# Grandin Road 50% Off Code



## Bruzilla (Jun 3, 2011)

Just got the Grandin Road 50% off code. It is trickortreat2015.


----------



## lilibat (Aug 10, 2015)

Nope not working. :-/


----------



## RCIAG (Jul 19, 2010)

It worked for me when I stuck something in the cart it came right up, I didn't even have to put any code in, the site did it for me. I only wish you could use a free shipping code with it too.


----------



## wickedwillingwench (Sep 16, 2011)

its' TRICKORTREAT15


----------



## Bruzilla (Jun 3, 2011)

Free shipping would be nice, but the shipping was just $24 for four skeletons so that's not bad.


----------



## Col. Fryght (Oct 23, 2012)

They only have 200 different items in inventory right now. I picked up a pair of rats and the large skeleton dog. Shipping was $17. As pointed out earlier, all caps on the code.
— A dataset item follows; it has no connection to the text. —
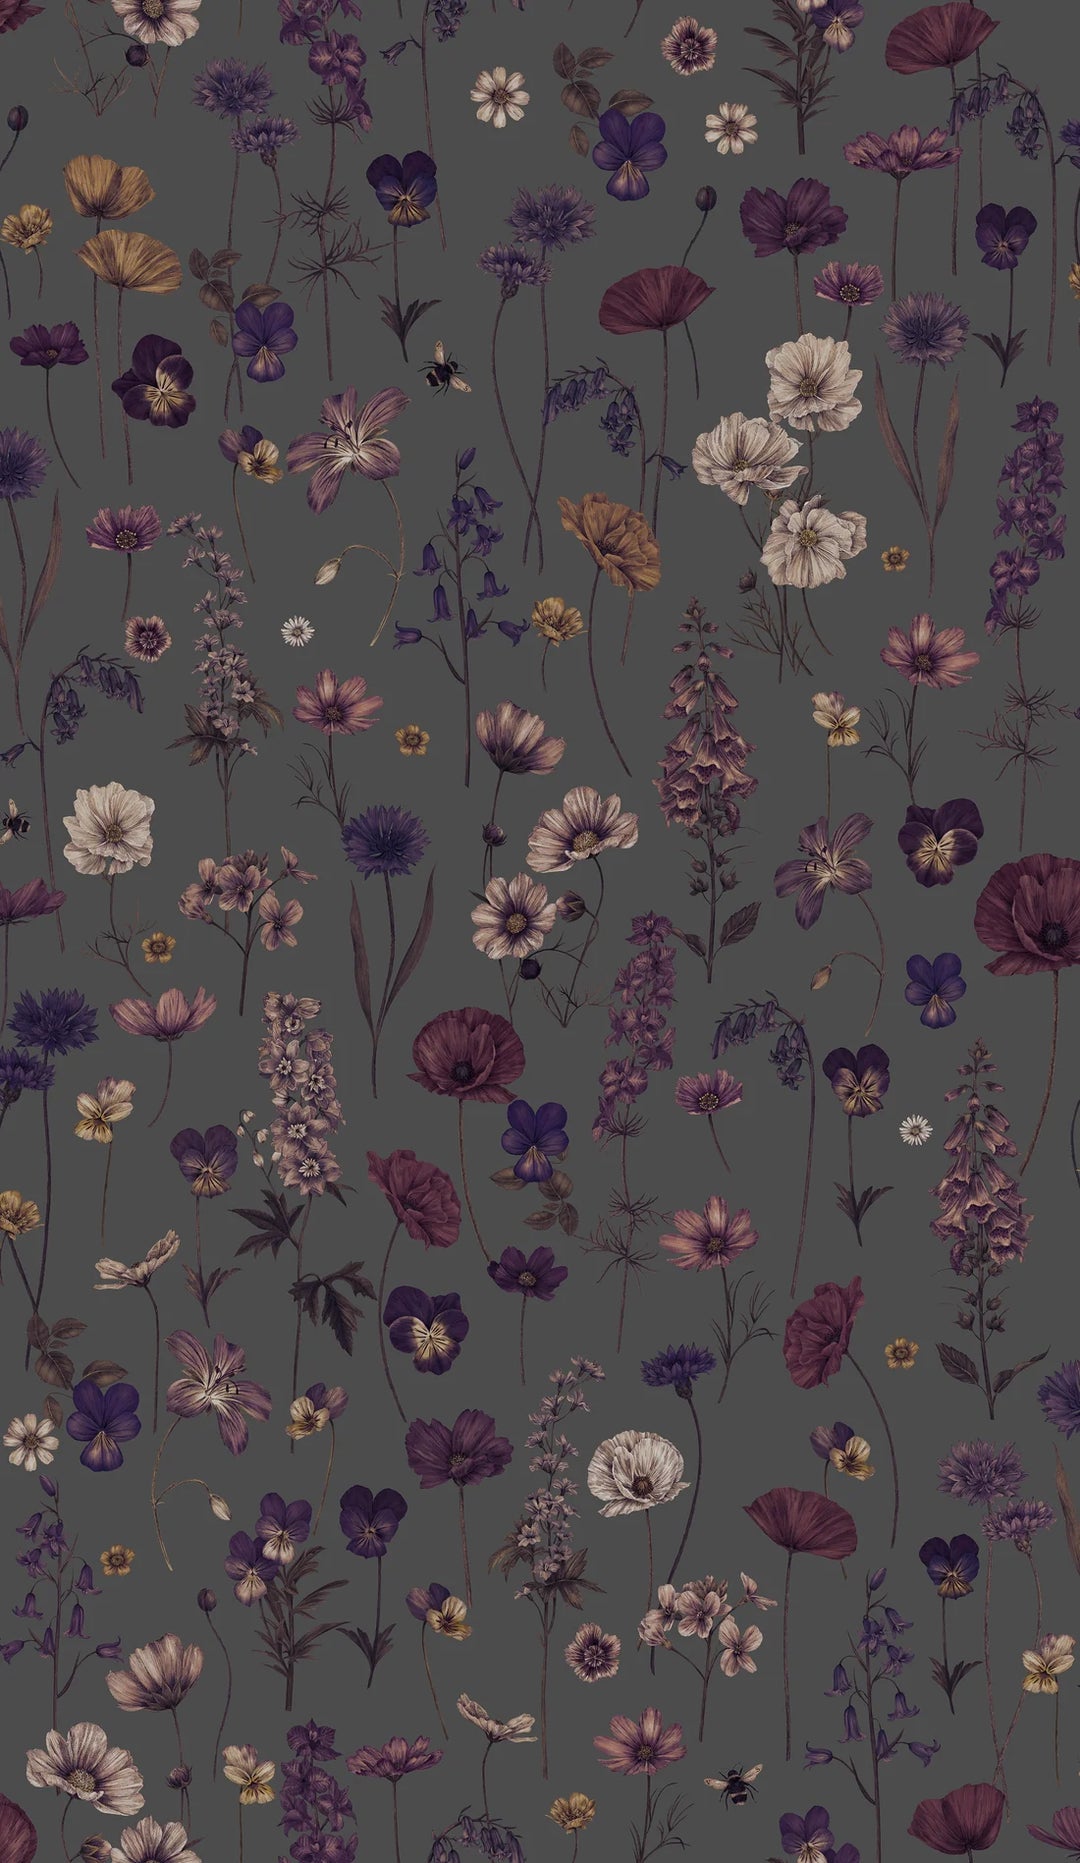 Victoria-Sanders-Botanica-Wallpaper-Verdigris-Trailing-Blooms-across-green-rich-background-floral-wallpaper-artisan-designed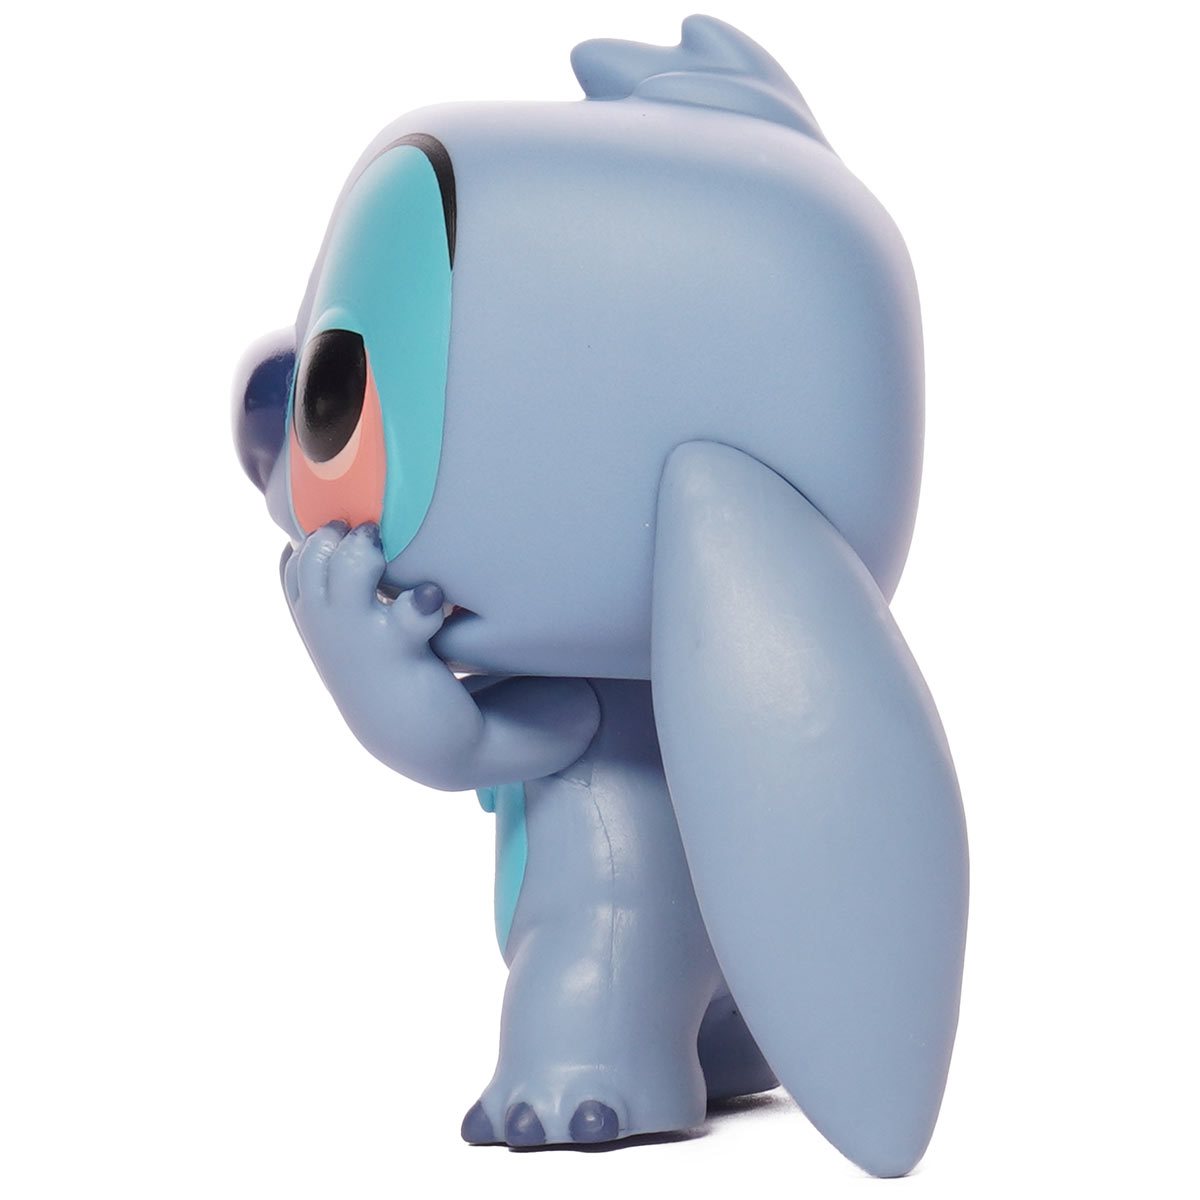 Funko Pop! Disney: Lilo and Stitch – Entertainment Earth Exclusive Annoyed  Stitch 1222

The last two years I received my items before Halloween and I was able to sneak in an animatronic, but this year they do not seem to have as much surplus.


----------



## Ghost of Spookie (Sep 28, 2008)

Thanks for mentioning the 50% off sale. They have the code on the website when you go there too. However if I hadn't seen this post I might not have check them out to find out, so thanks to you guys I have a Scout and Shadow dog coming. $32 wasn't bad for both and shipping for me was $12.

I did look for a Tara but she wasn't there. Not sure if she sold out already or if they pulled for the sale. Didn't see really many life-size animated props. At least I got in before all the dogs are gone. I haven't noticed Scout and Shadow sold anywhere else so this worked out well today. I have Sasha and the bulldogs already. Tried to see if I could pick up a Beagle at CVS this morning but no luck. I think the dogs will make a great graveyard scene next year and glad to add these two.


----------